Uh-oh. Caught! I grumbled because the Bible was booooring, but I had NO EXCUSE. So I started reading. A friend had given me a plan to read through the Bible in a year, and I started. I did take a year, because I found it impossible not to take time to think things over, to analyze what it meant, to consider the implications, the commands, the guidance, I found there.

There were parts that were so boring that I literally put down the Bible, stood up, threw up my arms and asked, “Why are You making me read this?? It’s boring and repetitious!!”

Then one day I got an answer. Not in words this time, but in the dawning realization that there was a singularly important reason for the “boring” parts, and when I realized what it was, I was jarred to the core.

I was reading the description of the construction of either the tabernacle or the temple; don’t remember which now. If you haven’t read that, the author was trying to use words to create a blueprint, trying to make sure that every board and pin and nail and socket was exactly correct. Easy with a blueprint, very difficult with words.

So the effect was that of taking a photo, moving over a few feet and taking another photo … egad!

What I finally realized was that this was probably the second-most important part of the Bible. Because it proves that the Israelites KNEW beyond any shadow of doubt that they were dealing with the only real and living God.

You see, pagan gods didn’t care about details. Slap some gold on it and sacrifice your bull or goat – or child – details made no difference. But God told Moses to make the tabernacle, and later the temple, according to the pattern He dictated. (Exodus 25:9 and 40, among other references)

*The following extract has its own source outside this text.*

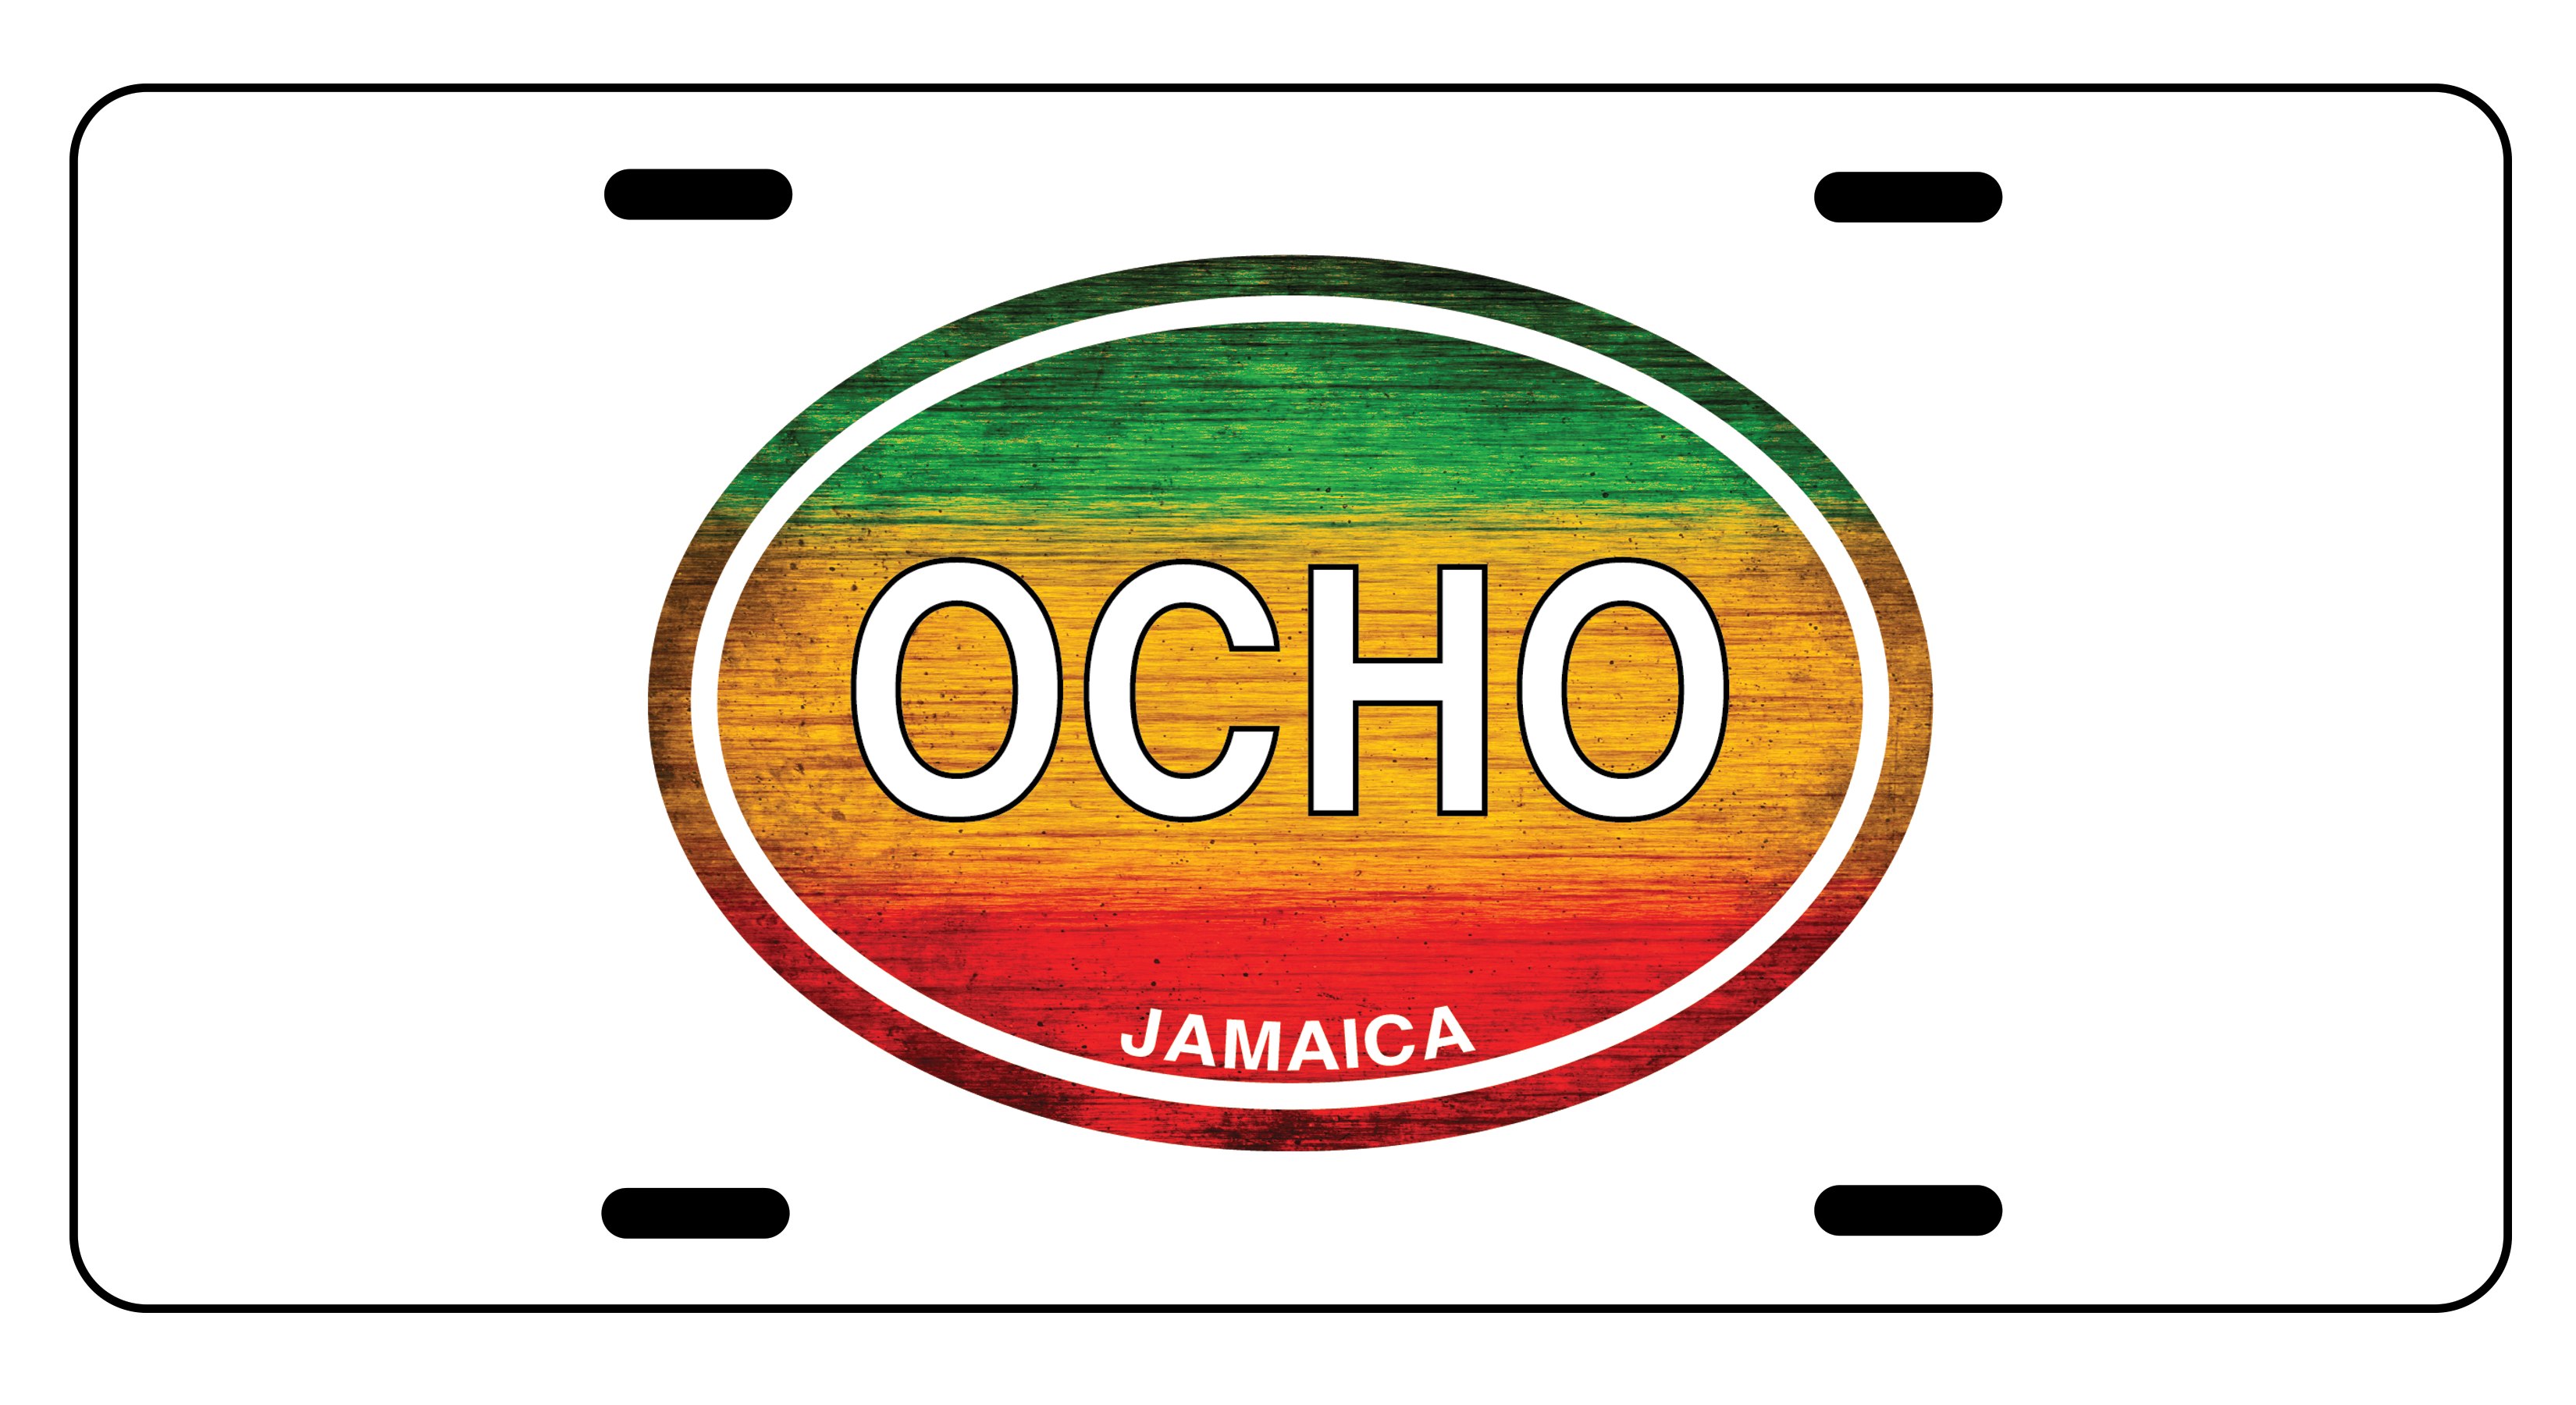 Ocho Rios Rasta Logo License Plates - My Destination Location

And Moses wanted to make iron-clad certain that Israel did not lose contact or favor with the real, the living God. Because God said, “This is where I will meet with you. This is where I will give you My instructions.” And Moses and the Israelites alive at the time had seen what God could do for them. Or to them. So they made certain they got it right. Wherefore the redundant, boring instructions for constructing the tabernacle and later the temple.

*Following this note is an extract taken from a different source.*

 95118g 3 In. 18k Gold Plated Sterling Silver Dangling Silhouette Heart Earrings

At that point I began to consider the Bible to be far more important than ever before. It’s one thing to believe traditional doctrines. It’s another thing entirely to see them come alive in front of your eyes. It’s like Moses in the desert, seeing not just a burning bush, but a burning bush that was not consumed by the flames. It gets your attention. It makes your spine tingle.

That was the beginning of an adventure, a new dimension in my Christian faith. It was still hard work to read the Bible through word-for-word. When I finished, I said, “Whew! That’s done!”

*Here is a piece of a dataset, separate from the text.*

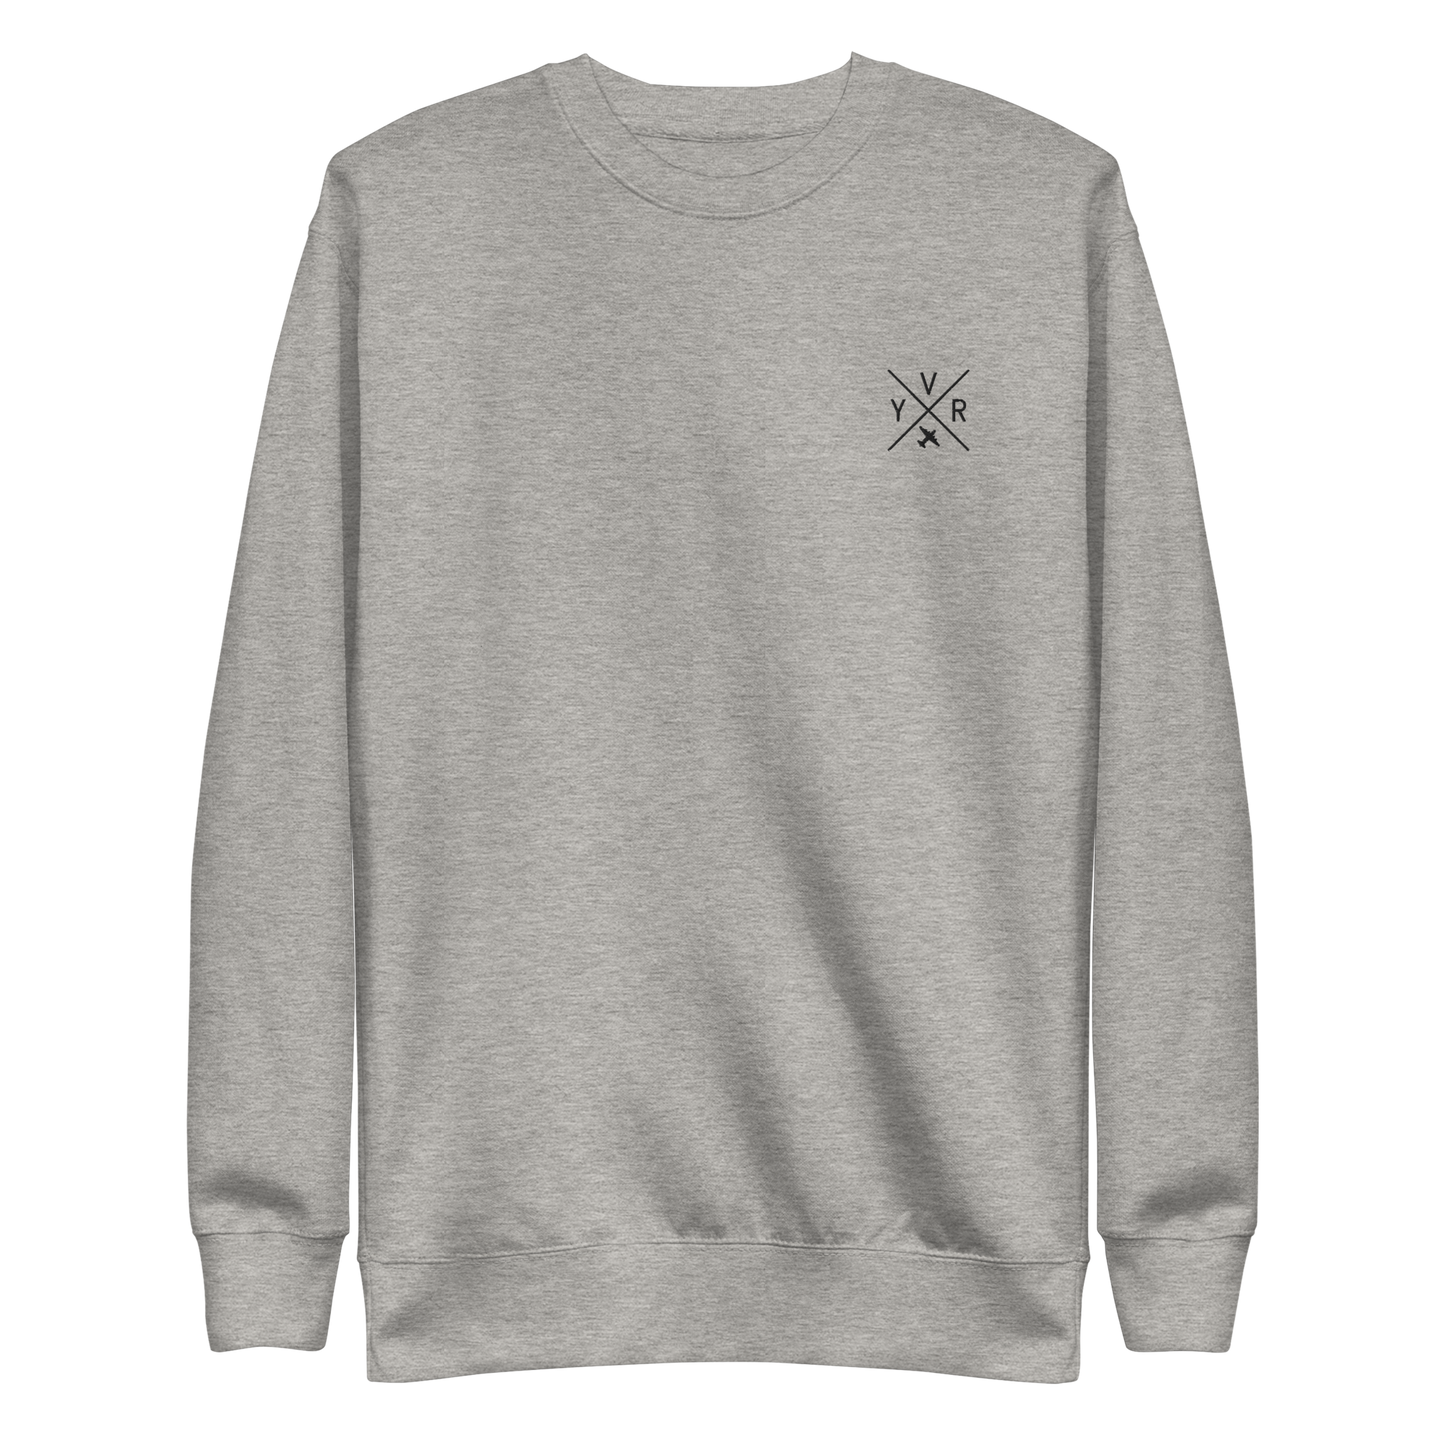 YHM Designs - YVR Vancouver Premium Sweatshirt - Crossed-X Design with Airport Code and Vintage Propliner - Black Embroidery - Image 02

But it wasn’t. Less than a year later, I began reading the Bible again, word-for-word again, in a different English translation. I had become hungry for the Word of God. And that hunger changed my life, again. Becoming a Christian at age nine was foundational, a change of citizenship, forgiveness of sins, a guaranteee of Heaven after death, but it didn’t feel earth-shaking. It was simply a logical decision on my part, because I did believe. Becoming a committed (though deeply flawed) Christian when I was sixteen or seventeen was earth-shaking. But the seed didn’t take really deep root until I began reading the Bible daily and kept it up for months on end.

I highly recommend reading the entire Bible word for word to any Christian who hasn’t already done so. You will literally be eternally grateful you did. It will give the Holy Spirit much more leverage to work in your heart and transform you. You will find at least some answers you couldn’t figure out before about Christian faith. You’ll be better prepared when trouble comes.

You will begin to become acquainted with your God.